It is possible to use erlperf to benchmark a running application (even in production, assuming necessary safety precautions). To achieve this, add erlperf as a dependency, and use remote shell:

    # run a mock production node with `erl -sname production`
    # connect a remote shell to the production node
    erl -remsh production
    (production@max-au)3> erlperf:run(timer, sleep, [1]).
    488

continuous-benchmarking

Continuous benchmarking

You can run a job continuously, to examine performance gains or losses while doing hot code reload. This process is designed to help during development and testing stages, allowing to quickly notice performance regressions.

Example source code:

    -module(mymod).
    -export([do/1]).
    do(Arg) -> timer:sleep(Arg).

Example below assumes you have erlperf application started (e.g. in a rebar3 shell)

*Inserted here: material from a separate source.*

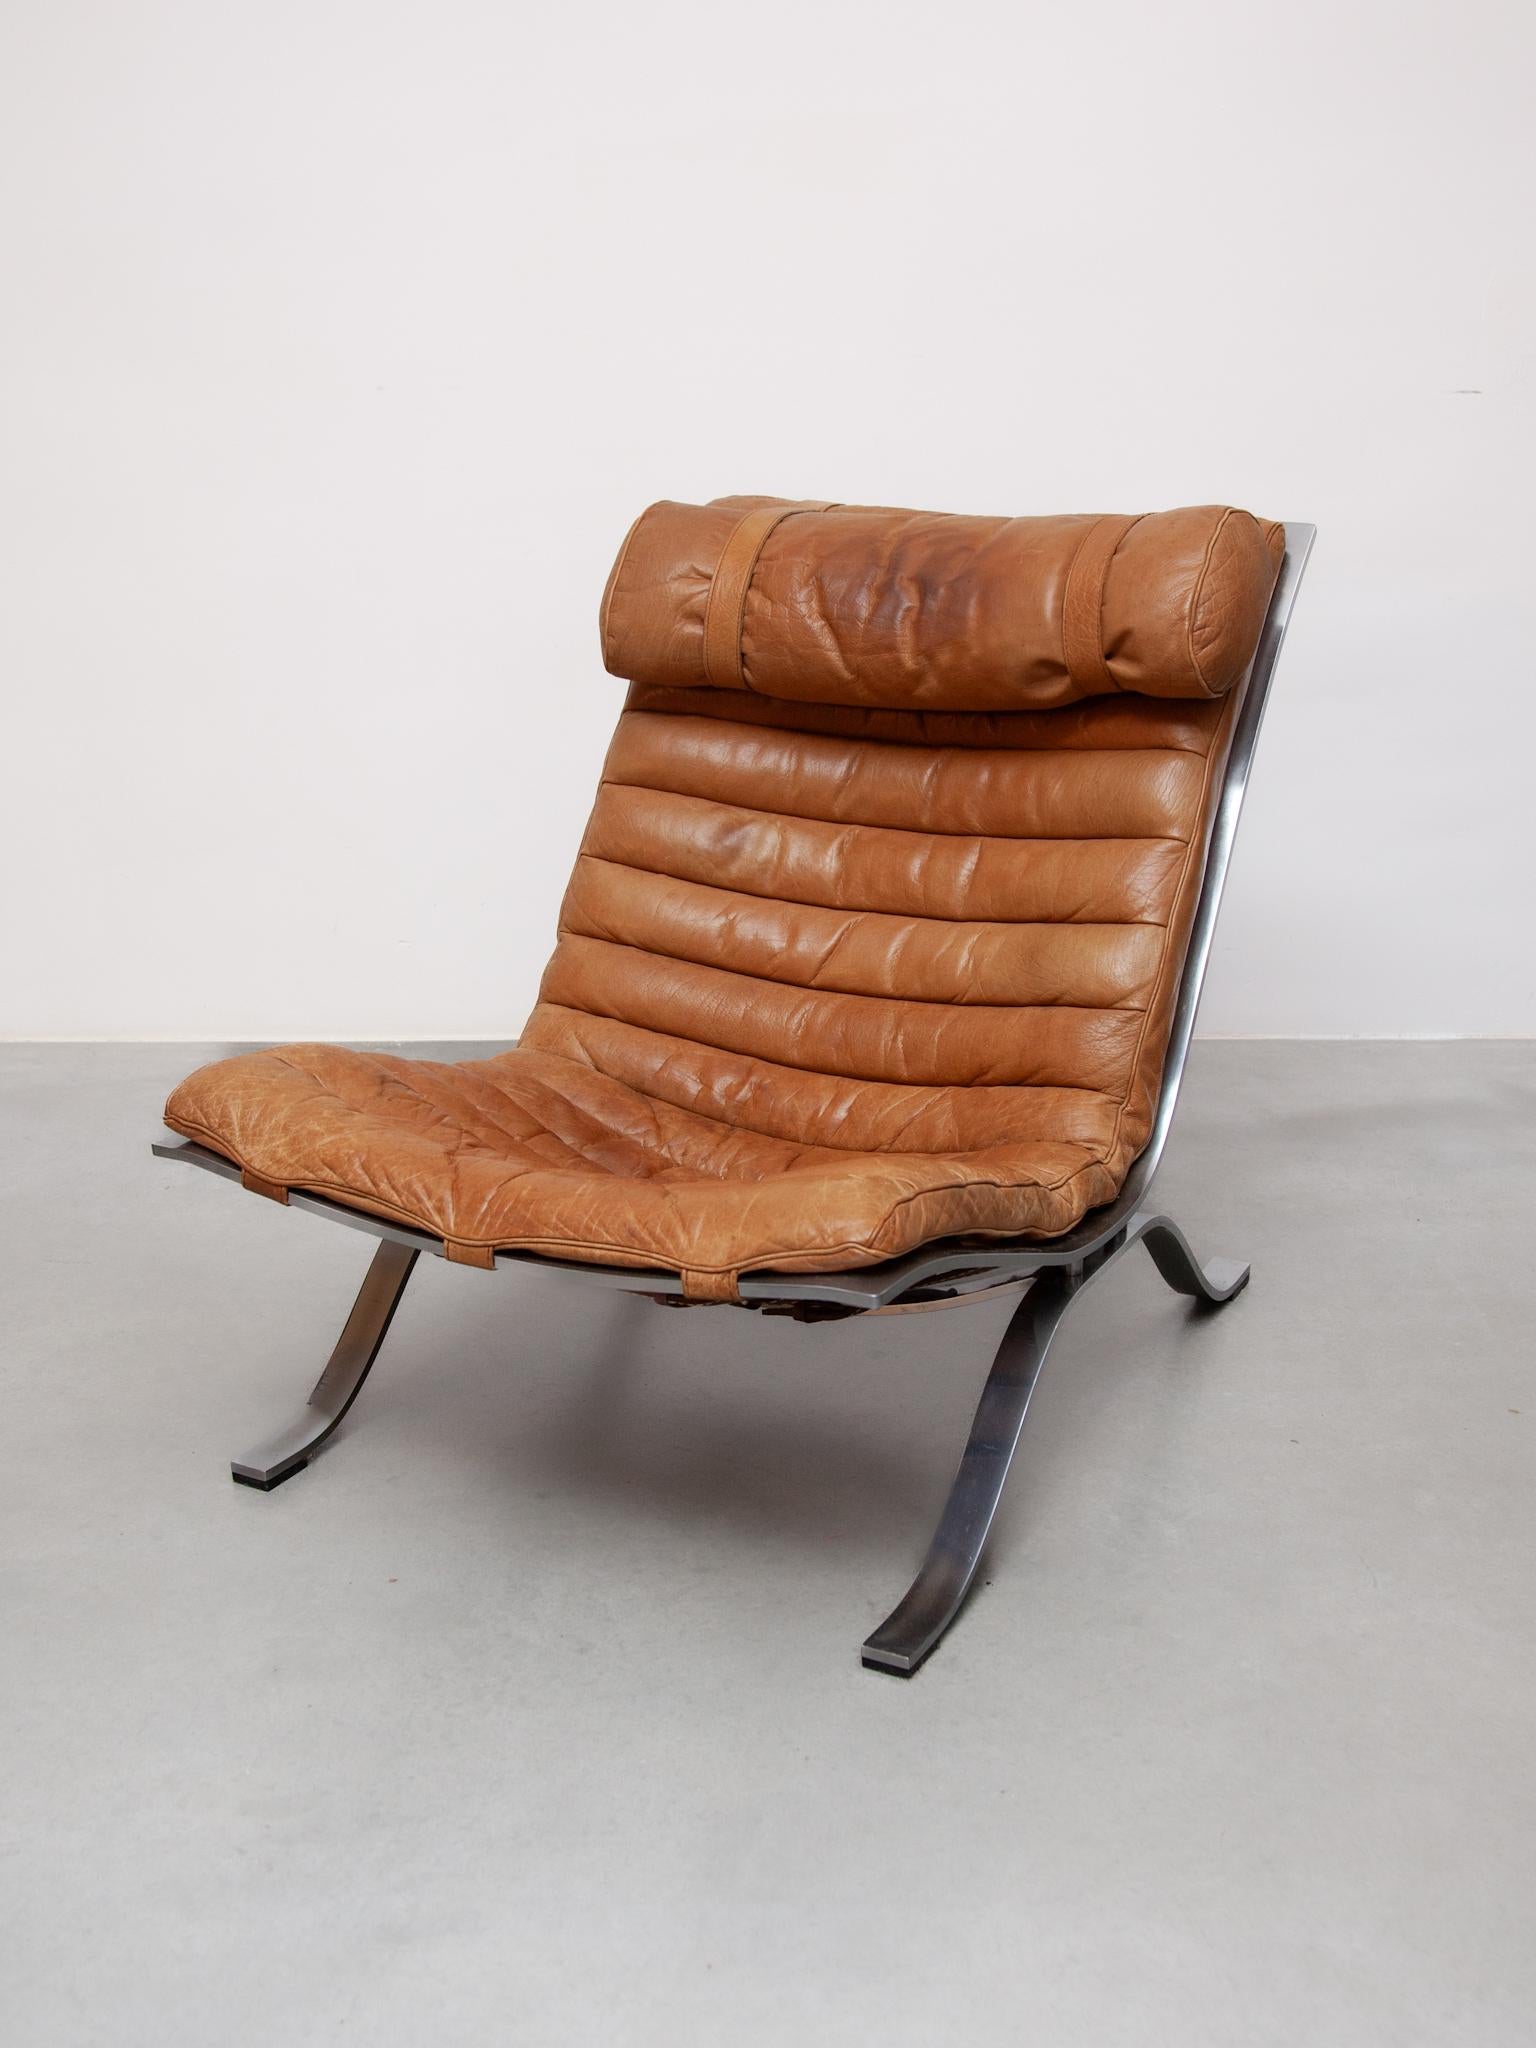 Un magnifique fauteuil de salon conçu dans les années 60 par Arne Norell pour Norell Mobel. Il s'agit d'une combinaison classique et frappante de matériaux, le cadre est constitué de deux courbes d'acier chromé. Le cuir associé à l'acier chromé crée

    % start a logger that prints VM monitoring information
    > {ok, Logger} = erlperf_file_log:start_link(group_leader()).
    {ok,<0.235.0>}
    
    % start a job that will continuously benchmark mymod:do(),
    %  with initial concurrency 2.
    > JobPid = erlperf:start(#{init_runner => "rand:uniform(10).", 
        runner => "runner(Arg) -> mymod:do(Arg)."}, 2).
    {ok,<0.291.0>}
    
    % increase concurrency to 4
    > erlperf_job:set_concurrency(JobPid, 4).
    ok.
    
    % watch your job performance

    % modify your application code, 
    % set do(Arg) -> timer:sleep(2*Arg), do hot code reload
    > c(mymod).
    {module, mymod}.
    
    % see that after hot code reload throughput halved!

Reference Guide

terms

Terms

  • runner: code that gets continuously executed
  • init: code that runs one when the job starts (for example, start some registered process or create an ETS table)
  • done: code that runs when the job is about to stop (used for cleanup, e.g. stop some registered process)
  • init_runner: code that is executed in every runner process (e.g. add something to process dictionary)
  • job: single instance of the running benchmark (multiple runners)
  • concurrency: how many processes are running concurrently, executing runner code
  • throughput: total number of calls per sampling interval (for all concurrent processes)
  • cv: coefficient of variation, the ratio of the standard deviation to the mean. Used to stop the concurrency (squeeze) test, the lower the cv, the longer it will take to stabilise and complete the test

using-erlperf-from-rebar3-shell-or-erl-repl

Using erlperf from rebar3 shell or erl REPL

Supported use-cases:

  • single run for MFA: erlperf:run({rand, uniform, [1000]}). or erlperf:run(rand, uniform, []).
  • anonymous function: erlperf:run(fun() -> rand:uniform(100) end).
  • anonymous function with an argument: erlperf:run(fun(Init) -> io_lib:format("~tp", [Init]) end).
  • source code: erlperf:run("runner() -> rand:uniform(20).").
  • (experimental) call chain: erlperf:run([{rand, uniform, [10]}, {erlang, node, []}])., see recording call chain. Call chain may contain only complete MFA tuples and cannot be mixed with functions.

Startup and teardown

  • init, done and init_runner are supported (there is no done_runner, because it is never stopped in a graceful way)
  • init_runner and done may be defined with arity 0 and 1 (in the latter case, result of init/0 passed as an argument)
  • runner can be of arity 0, 1 (accepting init_runner return value) or 2 (first argument is init_runner return value, and second is state passed between runner invocations)

Example with mixed MFA:

   erlperf:run(
       #{
           runner => fun(Arg) -> rand:uniform(Arg) end,
           init => 
               {pg, start_link, []},
           init_runner =>
               fun ({ok, Pid}) -> 
                   {total_heap_size, THS} = erlang:process_info(Pid, total_heap_size),
                   THS
               end,
           done => fun ({ok, Pid}) -> gen_server:stop(Pid) end
       }
   ).

Same example with source code:

erlperf:run(
    #{
        runner => "runner(Max) -> rand:uniform(Max).",
        init => "init() -> pg:start_link().",
        init_runner => "init_runner({ok, Pid}) ->
            {total_heap_size, THS} = erlang:process_info(Pid, total_heap_size),
            THS.",
        done => "done({ok, Pid}) -> gen_server:stop(Pid)."
    }       
).

measurement-options

Measurement options

Benchmarking is done by counting number of runner iterations done over a specified period of time (sample_duration). By default, erlperf performs no warmup cycle, then takes 3 consecutive samples, using concurrency of 1 (single runner). It is possible to tune this behaviour by specifying run_options:

    erlperf:run({erlang, node, []}, #{concurrency => 2, samples => 10, warmup => 1}).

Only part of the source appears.